Liverpool show unity with absent Díaz as they sweep aside Nottingham Forest

Diogo Jota holds a shirt of Luis Diaz aloft after giving Liverpool the lead. Photograph: Peter Powell/EPA

Luis Díaz was on Liverpool minds throughout, news of his parents’ kidnapping in Colombia making preparations for Nottingham Forest’s visit “the most difficult I’ve ever had in my life” according to Jürgen Klopp. It speaks volumes about his team’s professionalism, togetherness and quality how Forest were dismissed with consummate ease to make it eight wins in eight appearances at Anfield this season.

Díaz was understandably absent from the squad amid his family ordeal. His replacement, Diogo Jota, got his fifth goal of the campaign before Darwin Núñez and Mohamed Salah strikes delivered a more accurate reflection of Liverpool’s superiority. Cody Gakpo thought he had made it four in injury time but was denied by a VAR review for offside. Not since 1985-86, when Kenny Dalglish’s team won a league and FA Cup double, have Liverpool started a home campaign with eight or more consecutive wins. “I told the boys after the game that it is a really good sign that they played so well and still have so much space for improvement,” said Klopp.

Liverpool were up against a deep defensive block for the second Premier League home game in succession and, as in the Merseyside derby, struggled to break down their opponents until capitalising on a centre-back’s mistake. That said, the hosts were supremely comfortable in possession before the opening goal, revelling in their command of Forest and patient in the knowledge their time would come.
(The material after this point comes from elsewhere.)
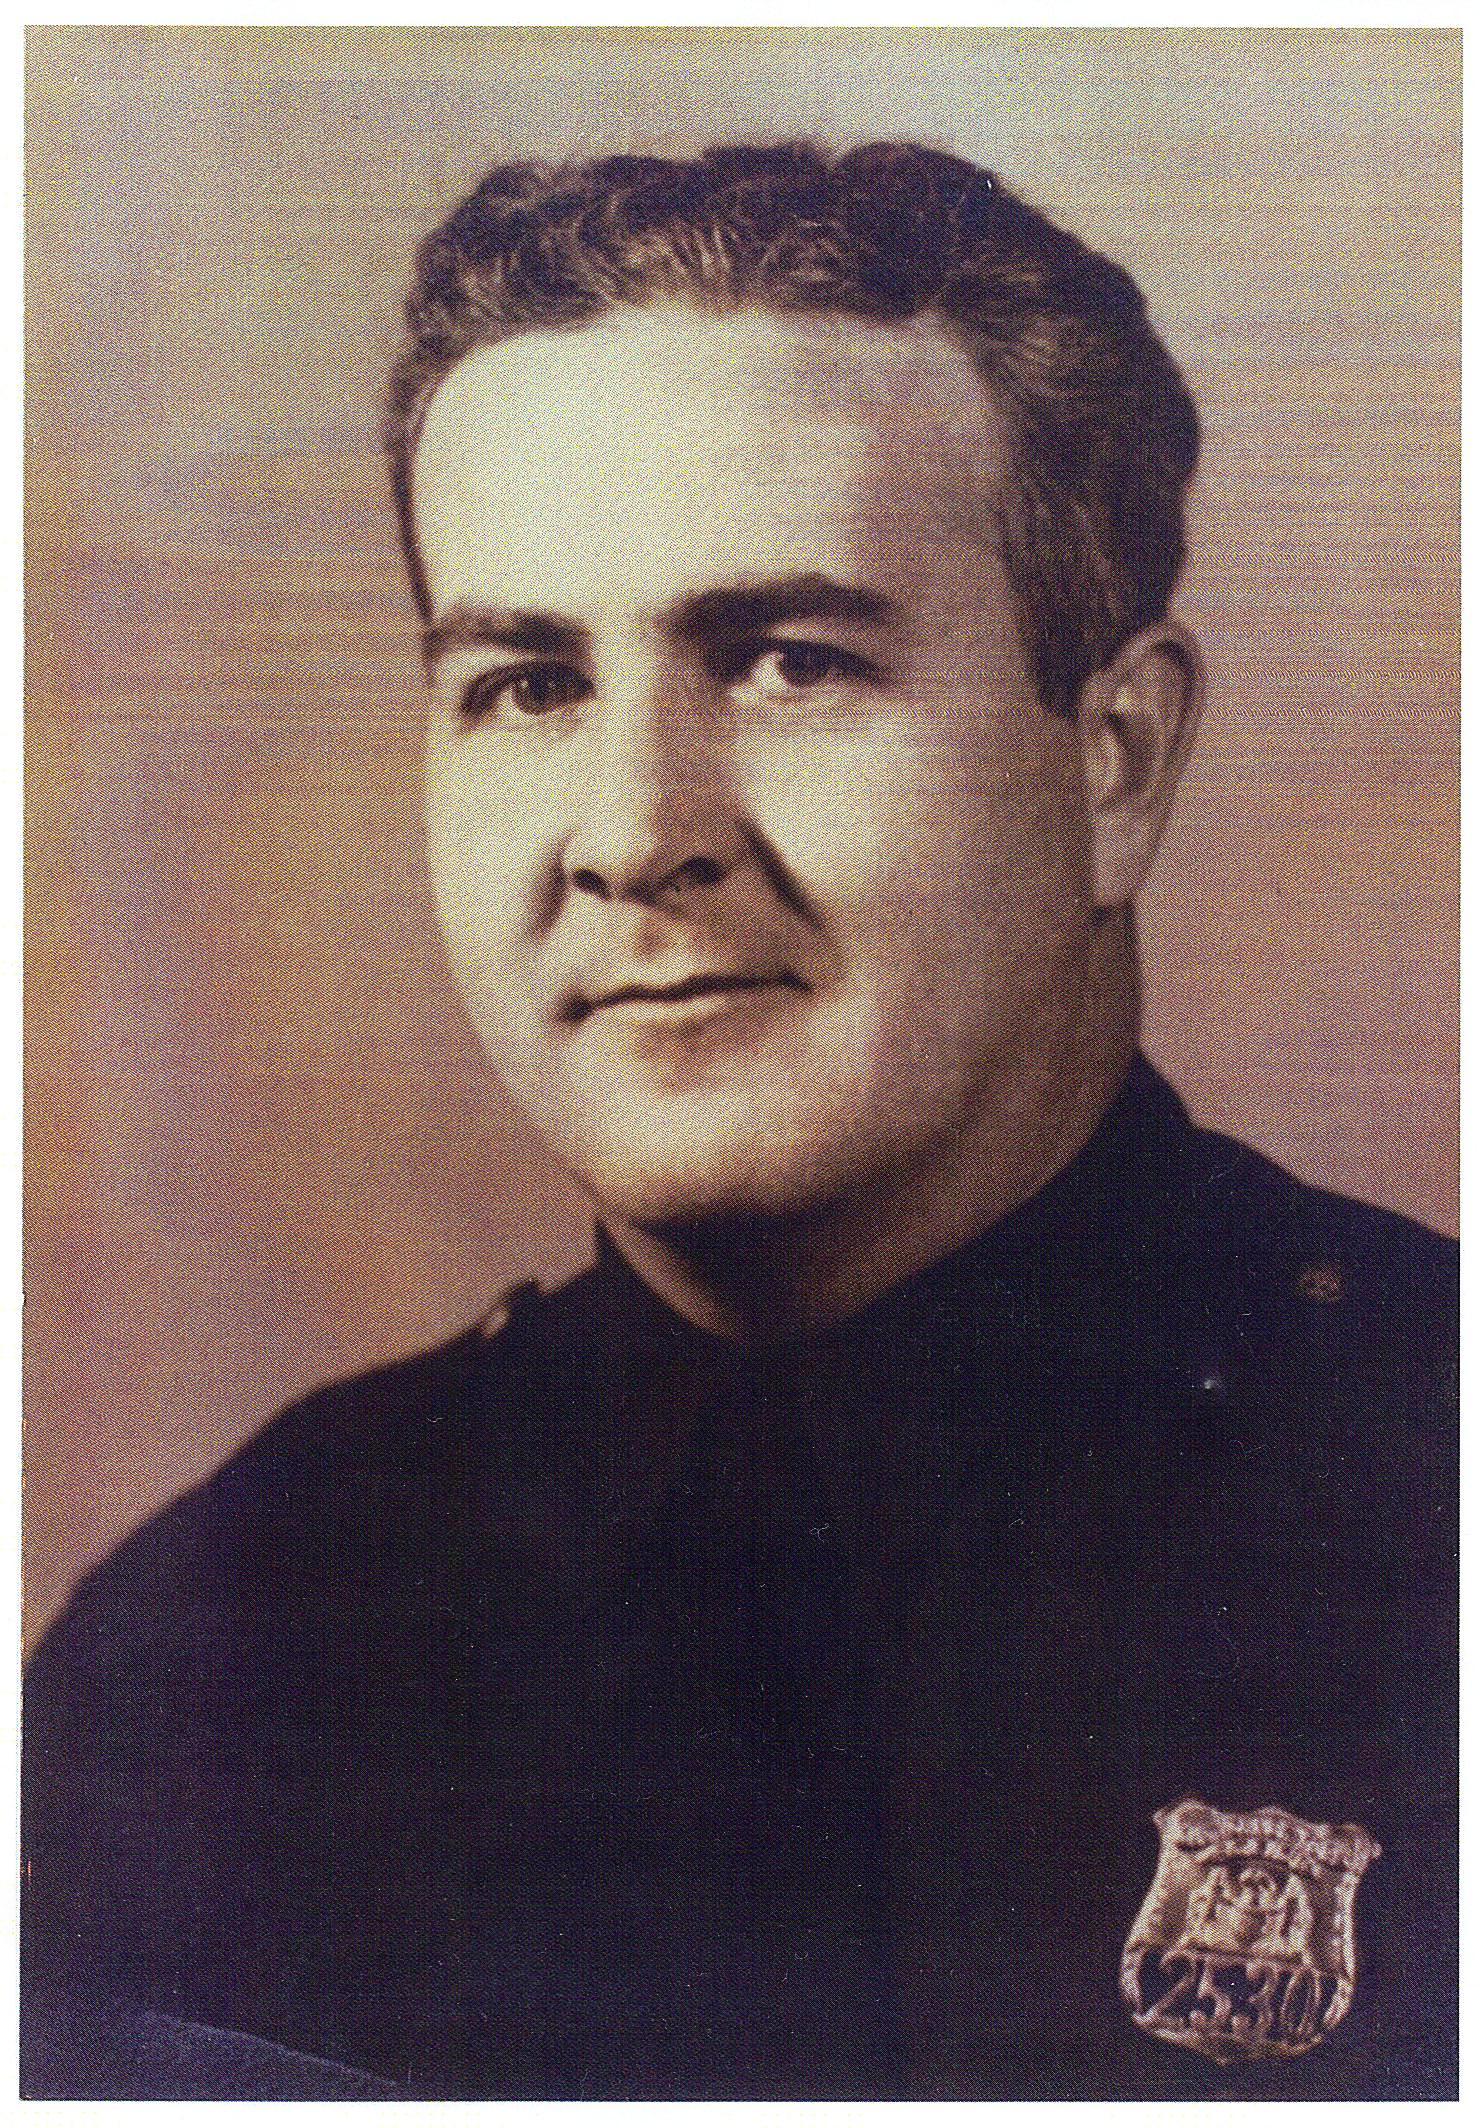 Detective Walter Ferguson | New York City Police Department, New York

Steve Cooper set up the visitors in a 5-4-1 after a hamstring injury sustained by Chris Wood, and with Taiwo Awoniyi only on the bench after a layoff, severely reduced Forest’s striking options. “Two days ago we had prepared with a back four but we were forced to change by Chris’s injury and only had Anthony [Elanga] who could start as a 9,” said the Forest manager. “No excuses there, but the plan was to play on a small pitch against Liverpool. If you open it up and play on a big pitch they are one of the best teams in the world in that situation.”
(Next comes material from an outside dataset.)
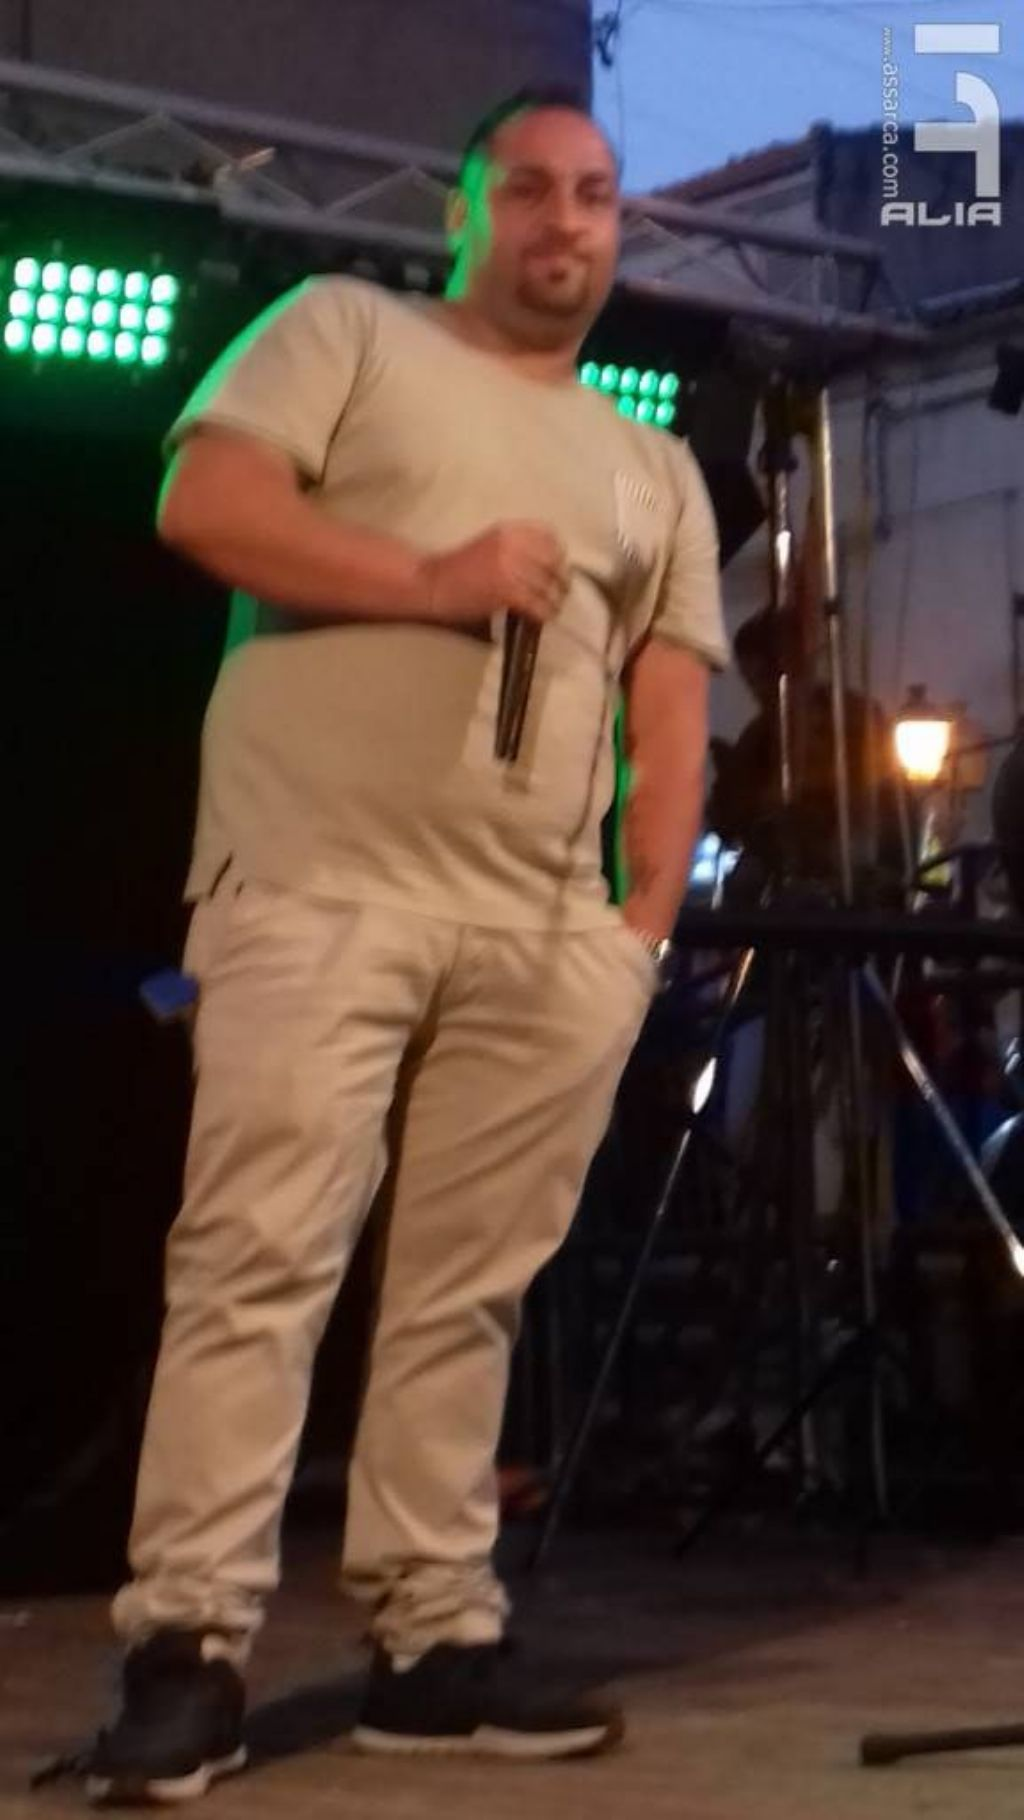 Anteprima Alia Song 2018

The defensive approach must have been draining for attack-minded players such as Morgan Gibbs-White, Nicolás Domínguez and Elanga but Forest’s carelessness in possession, on the few occasions they did have the ball, was their biggest problem. Both first-half goals stemmed from Forest losing the ball in the Liverpool half and being carved open before they had a chance to regroup.

Liverpool’s breakthrough arrived when Murillo, who had started well on the left of Forest’s three-man central defence, got carried away attempting to dribble through the home midfield. His run was halted by Alexis Mac Allister, who enjoyed another quietly impressive game in the holding midfield role and released Salah on the counterattack. Forest were exposed for the first time, outnumbered three v two, and though Matt Turner parried Núñez’s drive from Salah’s pass the rebound fell kindly for Jota to convert.
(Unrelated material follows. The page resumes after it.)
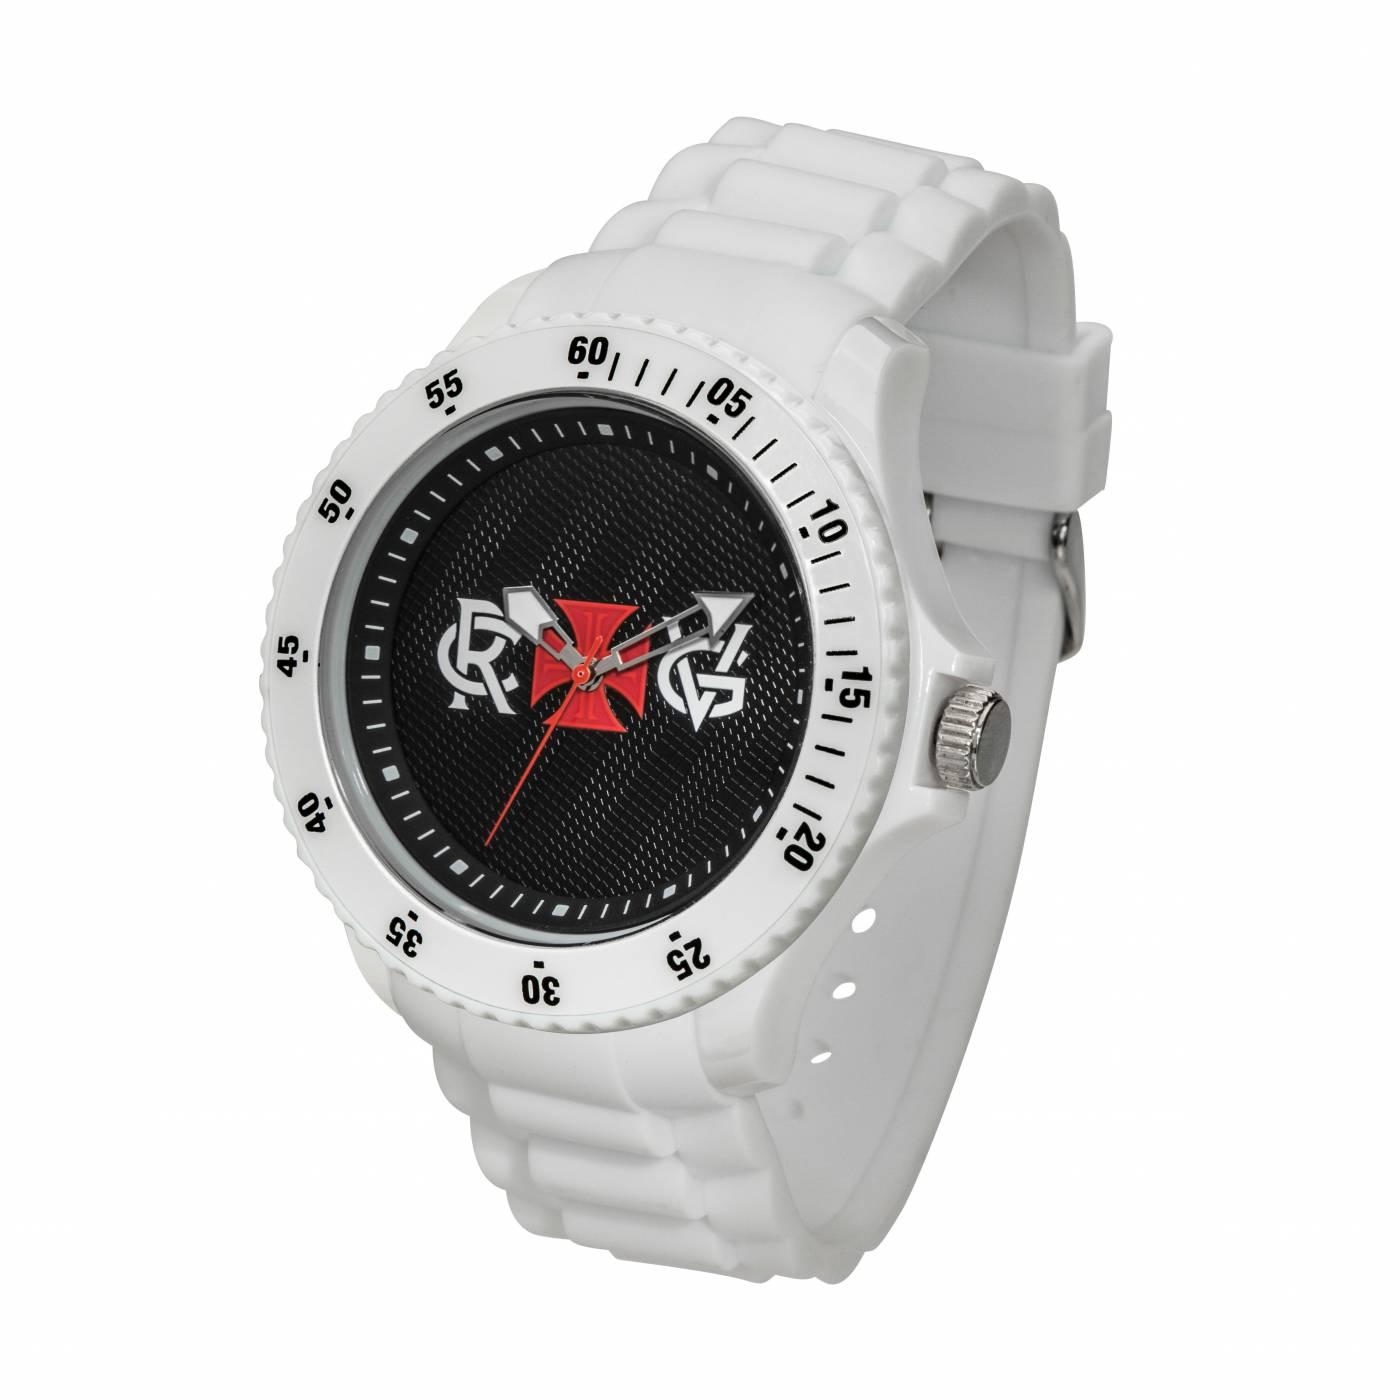 Relógio Vasco CRVG - Branco

Darwin Núñez scores Liverpool’s second goal.
Darwin Núñez scores Liverpool’s second goal. Photograph: Paul Greenwood/Shutterstock

Jota celebrated by sprinting to the Liverpool bench to collect his teammate’s No 7 shirt, which he paraded to all four sides of the stadium. Another considerate, classy touch was shown before kick-off by the Forest fans, who displayed a banner that read: “Respect the 97 – solidarity with survivors – no to tragedy chanting” for the second season running at Anfield.

Cooper’s gameplan had to change but Forest were caught out for a second time minutes after Jota’s opener. After a visiting attack broke down on the edge of the Liverpool area Jota sparked another devastating counter when finding Dominik Szoboszlai in space in midfield. The Hungary international exchanged passes with Salah, who released Szoboszlai to the byline with a brilliantly disguised ball. Núñez volleyed the midfielder’s first-time cross into the roof of the net from close range, and Liverpool were comfortably on course for another home win.

Turner parried long-range shots from Ryan Gravenberch and Szoboszlai in quick succession as Liverpool pressed for a third before the break. It was a risky strategy from the American goalkeeper, especially as he kept parrying shots back into the danger zone, but a bigger calamity awaited him in a more subdued second half.

Turner sprinted out his area in an attempt to intercept a searching long ball from Szoboszlai but misread the flight. He had no need to rush out with the substitute Harry Toffolo covering but the ball sailed over Turner and left Salah with an open goal for his latest slice of Liverpool history. Salah rolled home the gift to become the third Liverpool player to score in the opening five home league games of a season, after Harry Chambers in 1922 and John Aldridge in 1987.

Forest carried more of a threat after the interval – they couldn’t have carried less of one – but Nicolás Domínguez failed to connect with a Morg an Gibbs-White cross in front of goal and Elanga sent a volley crashing against the crossbar from Ryan Yates’s centre.